La Fiscalía llevó la discusión al STJ. Rodríguez sostuvo que el artículo 12 se encuentra vigente y resulta aplicable a Ale porque recibió una pena superior a tres años. Cuestionó que los tribunales inferiores hubieran dejado de aplicarlo sin declarar previamente su inconstitucionalidad.
Según la representante del Ministerio Público Fiscal, los jueces crearon de esa manera una excepción no contemplada por el legislador y reemplazaron la normativa vigente por consideraciones vinculadas a la conveniencia de exigir o no la curatela.
El rechazo del STJ
La Sala B, sin embargo, ni siquiera habilitó una nueva revisión del fondo de la controversia.

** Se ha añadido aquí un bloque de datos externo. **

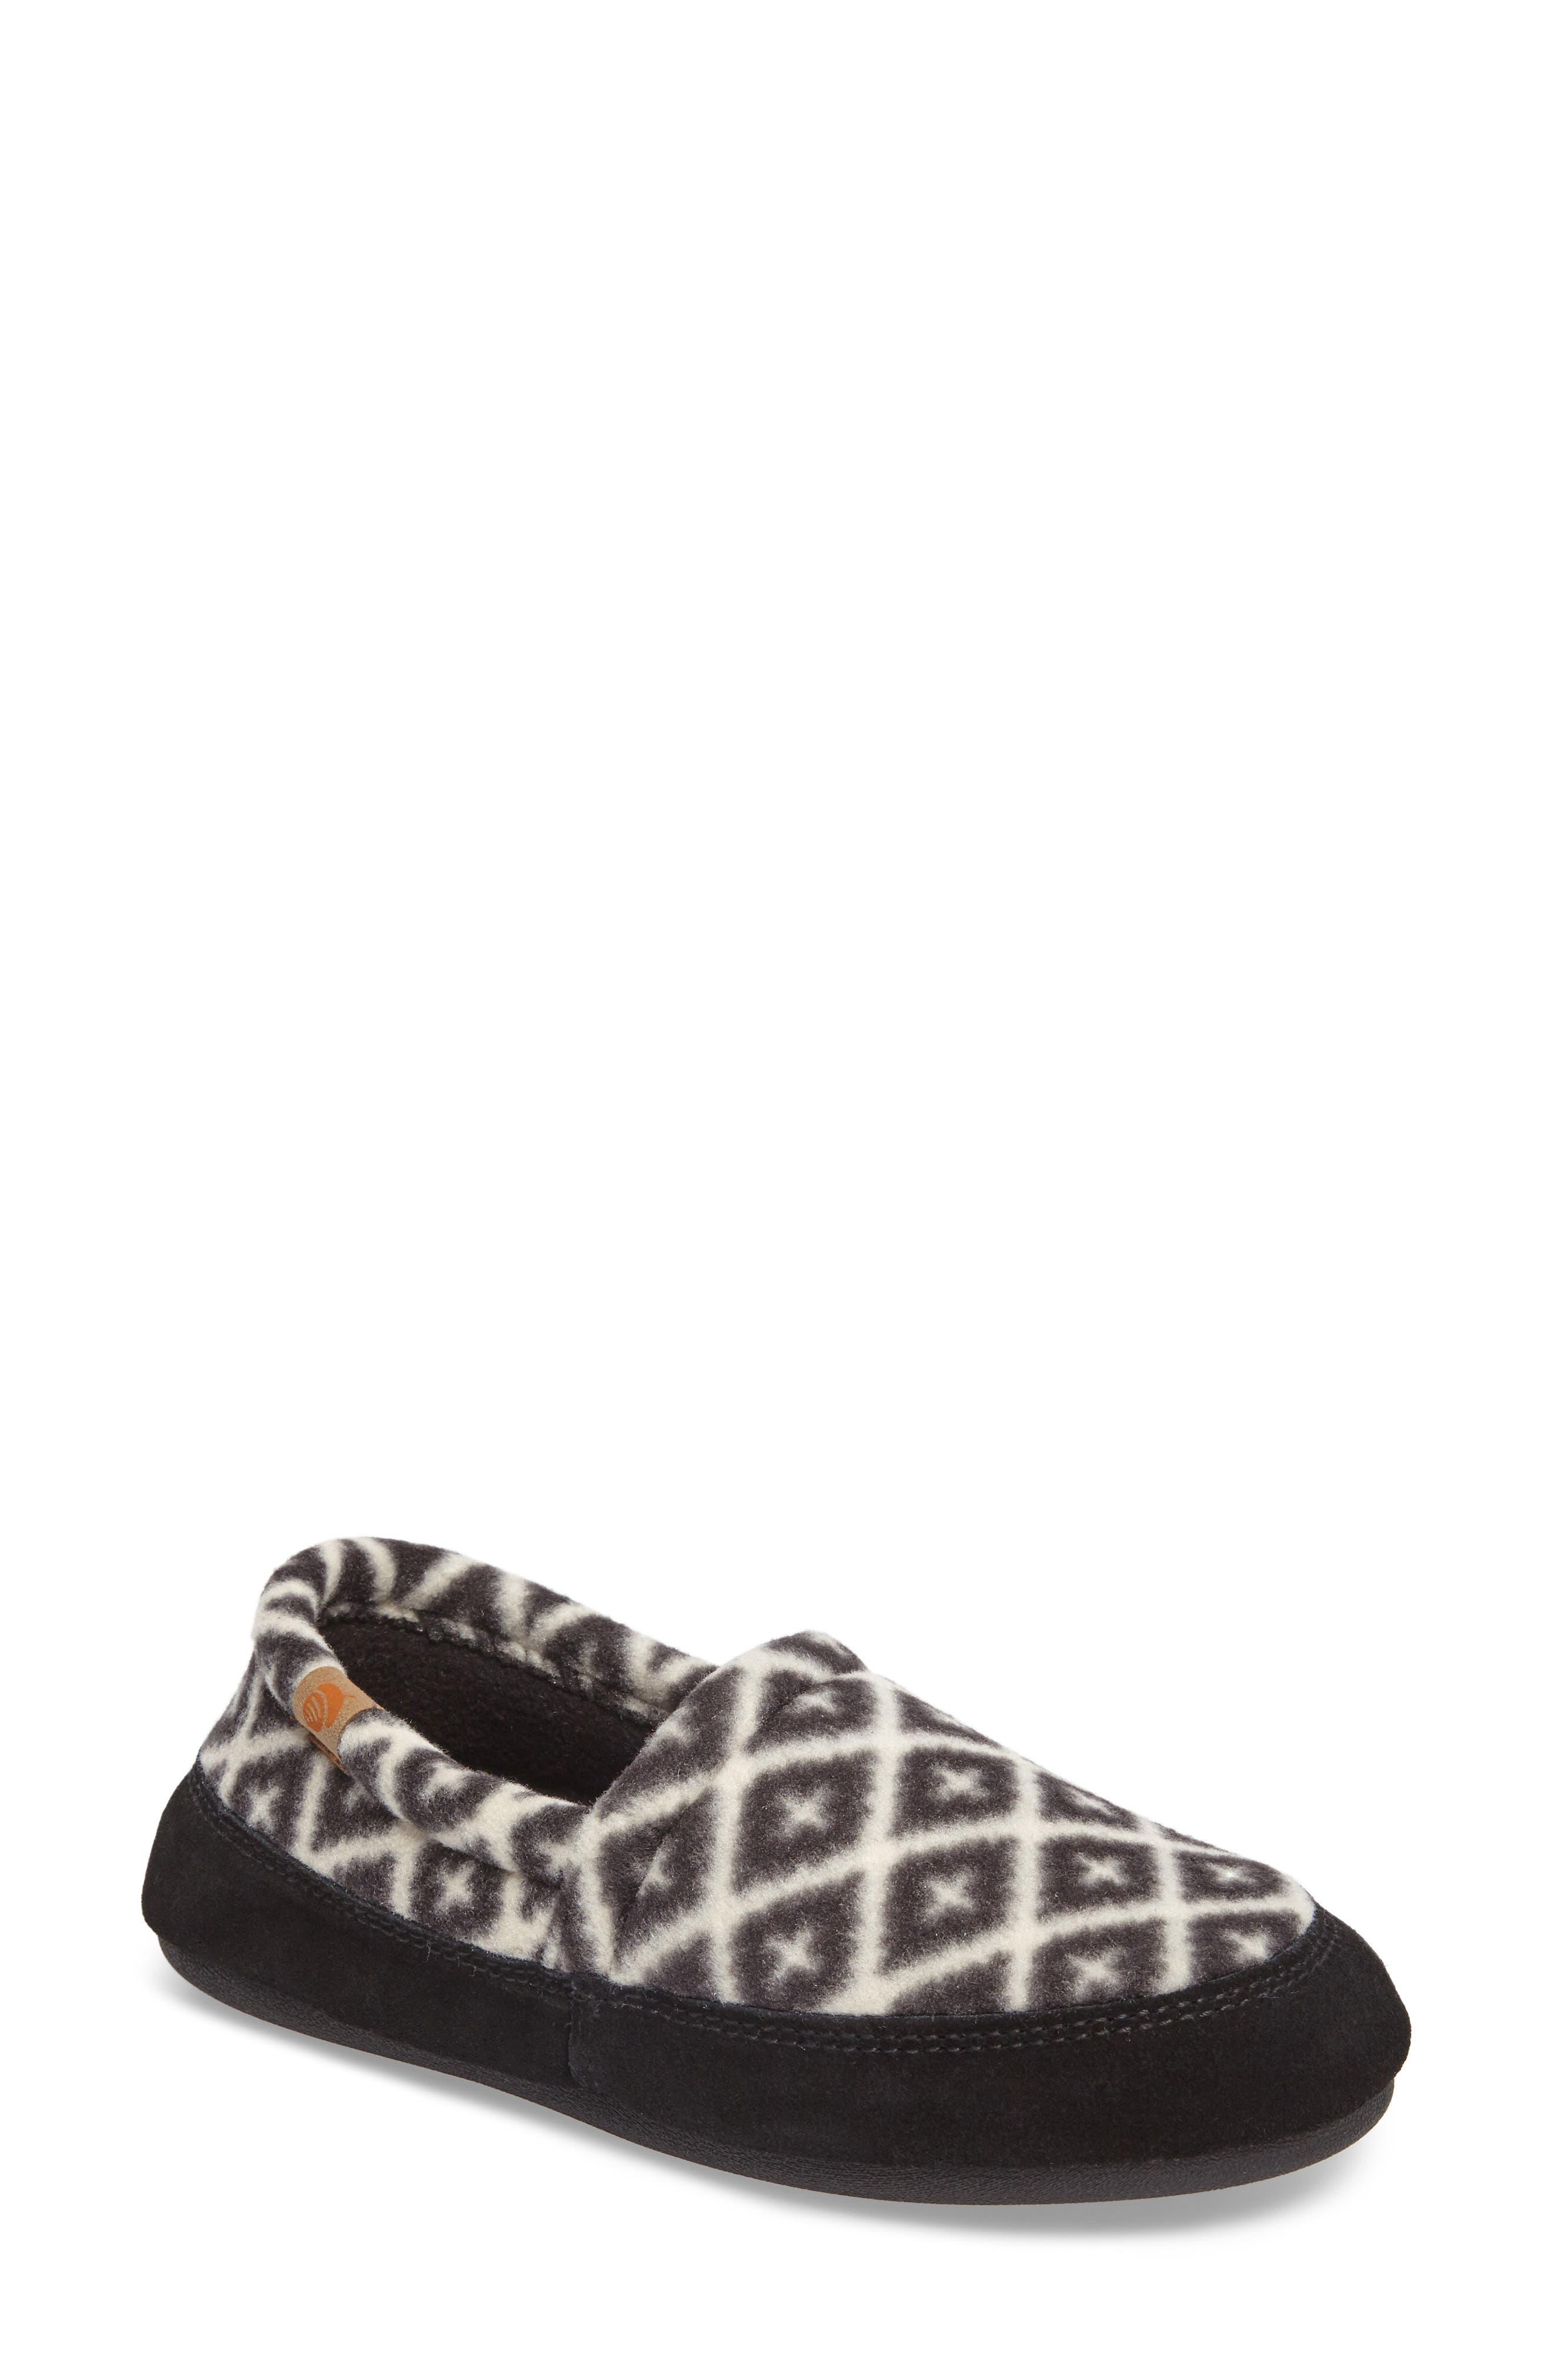 ACORN Moc Slipper, Main, color, BLACK/ CREAM SOUTHWEST

Consideró que el TIP había brindado razones suficientes para sostener su resolución y que los argumentos planteados por la Fiscalía ante el máximo tribunal provincial eran sustancialmente los mismos que ya habían sido analizados.
El STJ recordó además que la casación constituye un recurso extraordinario y no puede utilizarse como una nueva instancia para volver a discutir cuestiones ya revisadas.
Los jueces señalaron que la Fiscalía expresó su discrepancia con el criterio adoptado, pero no desarrolló de manera suficiente una cuestión constitucional que permitiera habilitar la intervención de la Sala.
Incluso repararon en que la propia fiscal había sostenido que el fallo llegaba, en los hechos, al mismo resultado que una declaración de inconstitucionalidad sin realizar ese procedimiento. Para el STJ, ese planteo apuntaba más al modo en que había procedido el TIP que a demostrar un agravio concreto sobre la decisión.